As many remember from the school biology course, mitochondria is one of the cellular organelles whose main function is the formation of ATP molecules in the process of cellular respiration. In addition, fatty acids are oxidized in it , a cycle of tricarboxylic acids and many other processes take place. Studies conducted at the end of the 20th century have revealed the key importance of mitochondria also in processes such as drug sensitivity, cell aging , apoptosis (programmed cell death). Accordingly, a violation of their functions leads to insufficient energy exchange, and as a result, damage and cell death. These disorders are especially pronounced in the cells of the nervous system and skeletal muscles.
Mitochondriology
Genetic studies have made it possible to determine that mitochondria have their own genome, different from the genome of the cell nucleus, and disturbances in its functioning are most often associated with mutations occurring there. All this made it possible to single out a scientific field that studies diseases associated with impaired mitochondrial functions, mitochondrial cytopathies. They can be either sporadic or congenital, inherited through the mother.
Symptomatology
Mitochondrial syndrome can manifest itself in various human systems, but the most pronounced manifestations receive neurological symptoms. This is due to the fact that nervous tissue is most susceptible to hypoxia. Hypotension, inability to adequately tolerate physical activity, various myopathies, ophthalmoparesis (paralysis of the oculomotor muscles), ptosis are characteristic signs that make it possible to suspect mitochondrial syndrome in case of skeletal muscle damage. From the nervous system, there may be stroke-like manifestations, convulsions, pyramidal disorders, mental disorders. As a rule, the mitochondrial syndrome in a child is always manifested by a developmental delay or loss of already acquired skills, psychomotor disturbances. The endocrine system does not exclude the development of diabetes, dysfunctions of the thyroid and pancreas, growth retardation, puberty. Heart lesions can develop both against the background of pathologies of other organs, and in isolation. Mitochondrial syndrome in this case is represented by cardiomyopathy.
Diagnostics
Mitochondrial diseases are most often detected during the neonatal period or in the first years of a childβs life. According to foreign studies, this pathology is diagnosed in one newborn out of 5 thousand. For diagnosis, a comprehensive clinical, genetic, instrumental, biochemical and molecular examination is carried out. To date, there are a number of methods to determine this pathology.

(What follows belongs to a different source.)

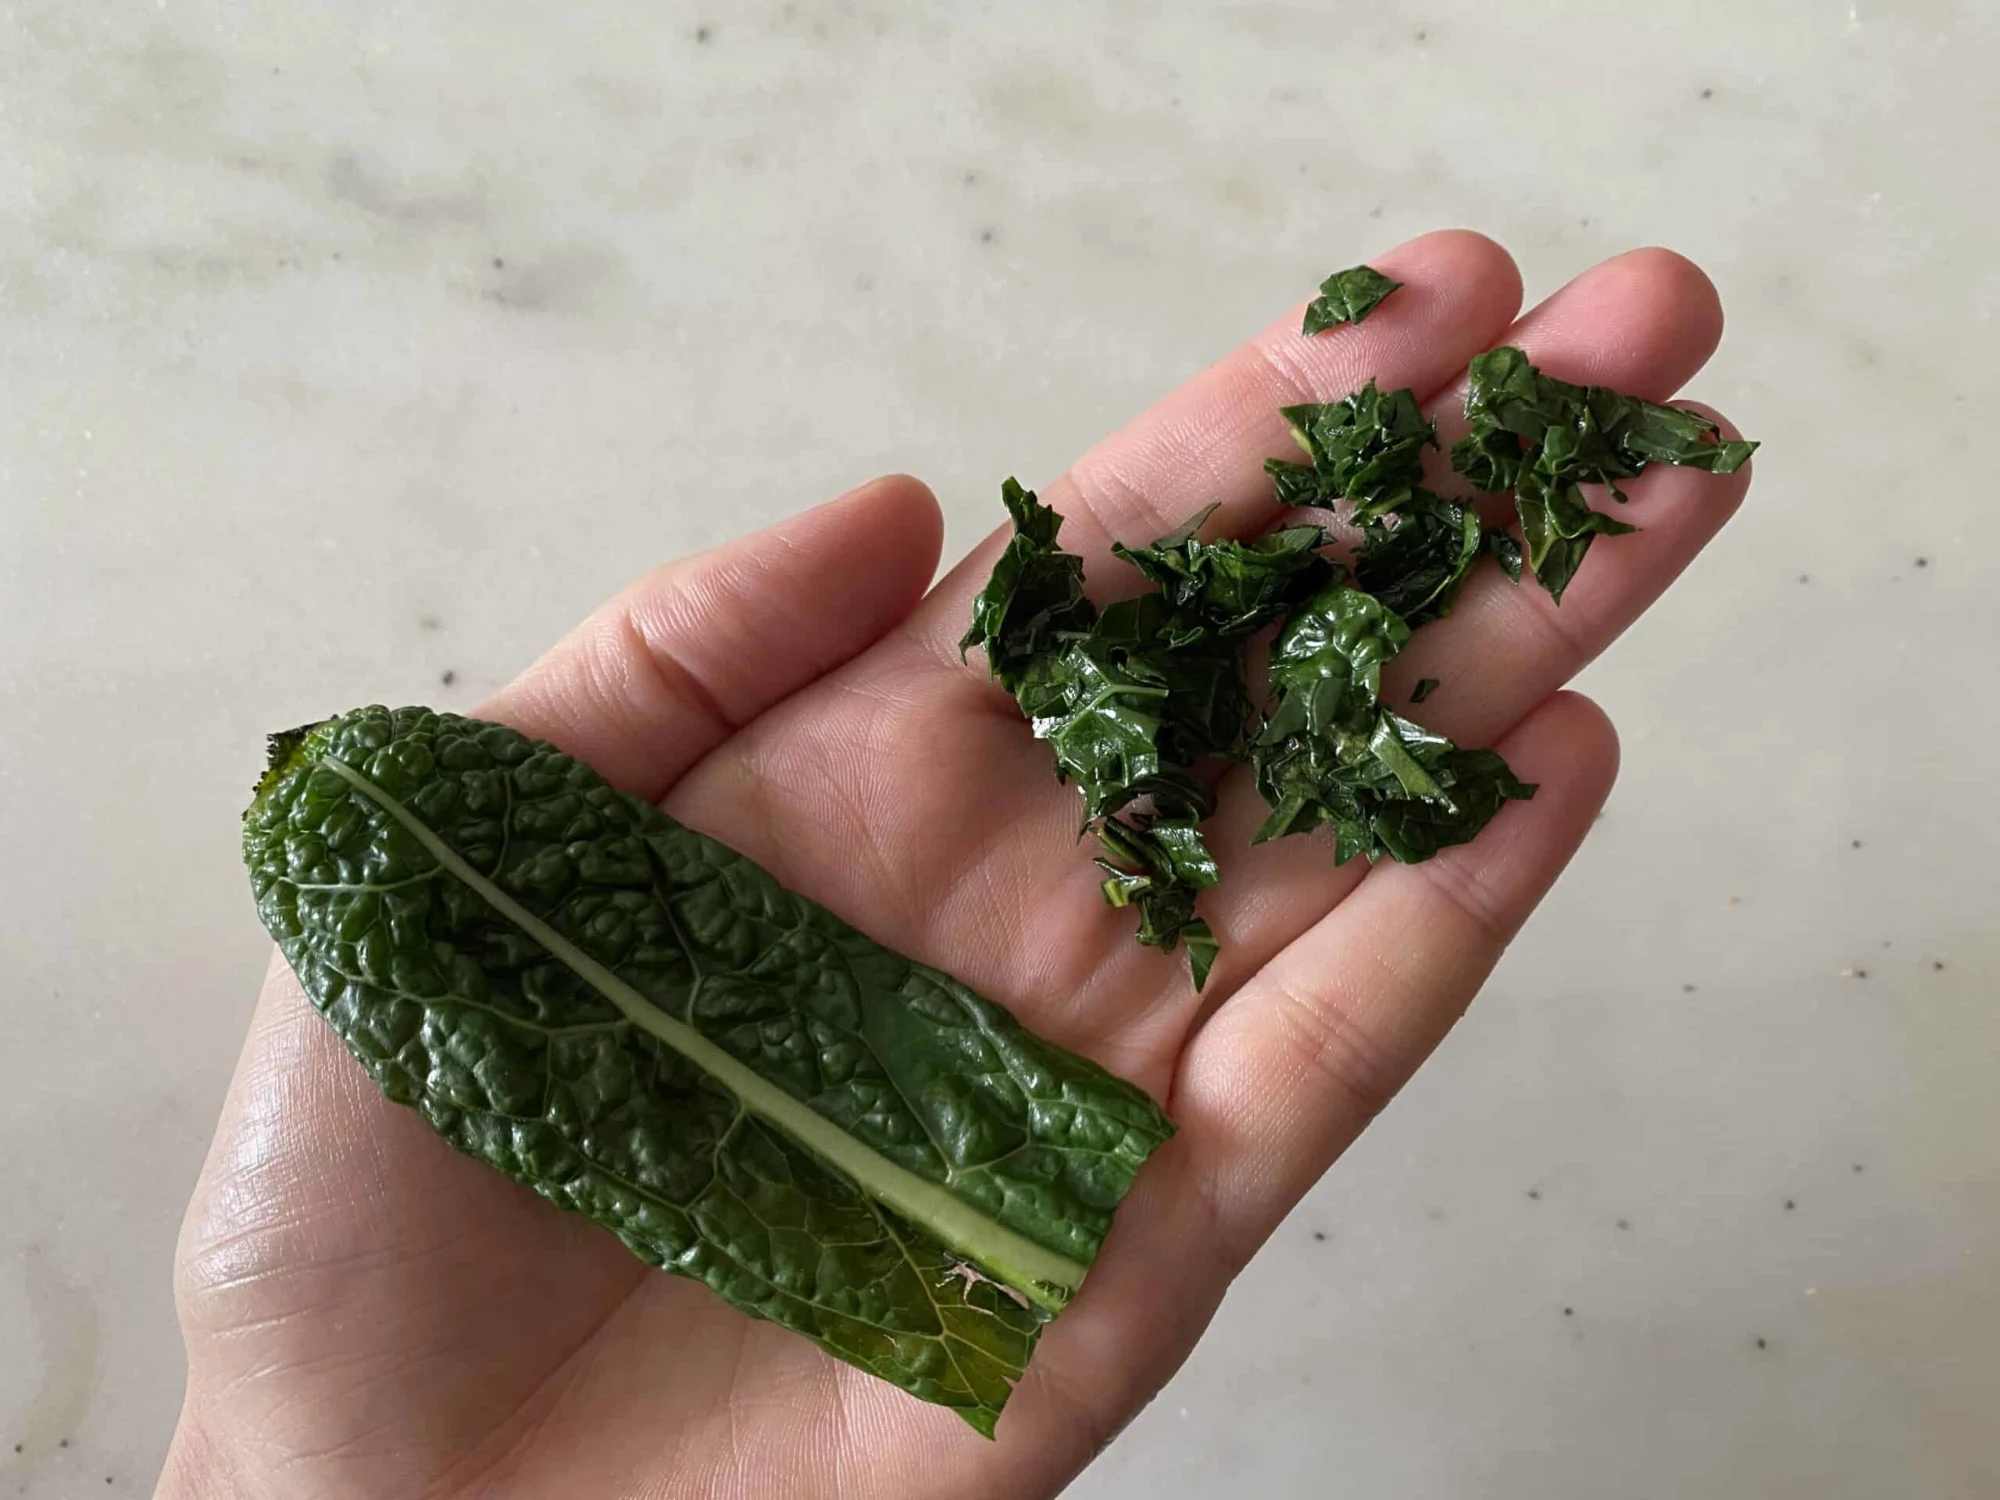 a hand holding a whole cooked kale leaf and minced, cooked kale for babies starting solids

- Electromyography - with normal results against a background of pronounced muscle weakness in the patient, mitochondrial pathologies can be suspected.
- Lactic acidosis very often accompanies mitochondrial diseases. Of course, only his presence is not enough to make a diagnosis, but measuring the level of lactic acid in the blood after exercise can be very informative.
- Skeletal muscle biopsy and histochemical examination of the obtained biopsy is the most informative.
- Good results show the simultaneous use of light and electron microscopy of skeletal muscles.
Mitochondrial Encephalopathy (Leu Syndrome)
One of the most common childhood diseases associated with genetic changes in mitochondria is Leah syndrome, first described in 1951. The first signs appear at the age of one to three years, but earlier manifestations are possible - in the first month of life or, conversely, after seven years. The first manifestations are delayed development, weight loss, loss of appetite, repeated vomiting. Over time, neurological symptoms join - impaired muscle tone (hypotension, dystonia, hypertonicity), cramps, impaired coordination.
The disease affects the organs of vision: atrophy of the optic nerves, retinal degeneration, oculomotor disorders develop. In most children, the disease gradually progresses, signs of pyramidal disorders increase, disorders of swallowing and respiratory function appear.
One of the children suffering from such a pathology was Pugachev Yefim, whose mitochondrial syndrome was diagnosed in 2014. His mother, Elena, asks for help from all concerned people.
Mitochondrial syndrome in a child
The forecast, unfortunately, today is most often disappointing. This is due both to the late diagnosis of the disease, the lack of detailed information about the pathogenesis, the serious condition of patients associated with the multisystem of lesions, and the lack of a single criterion for evaluating the effectiveness of therapy.
Thus, the treatment of such diseases is still under development. As a rule, it comes down to symptomatic and supportive therapy.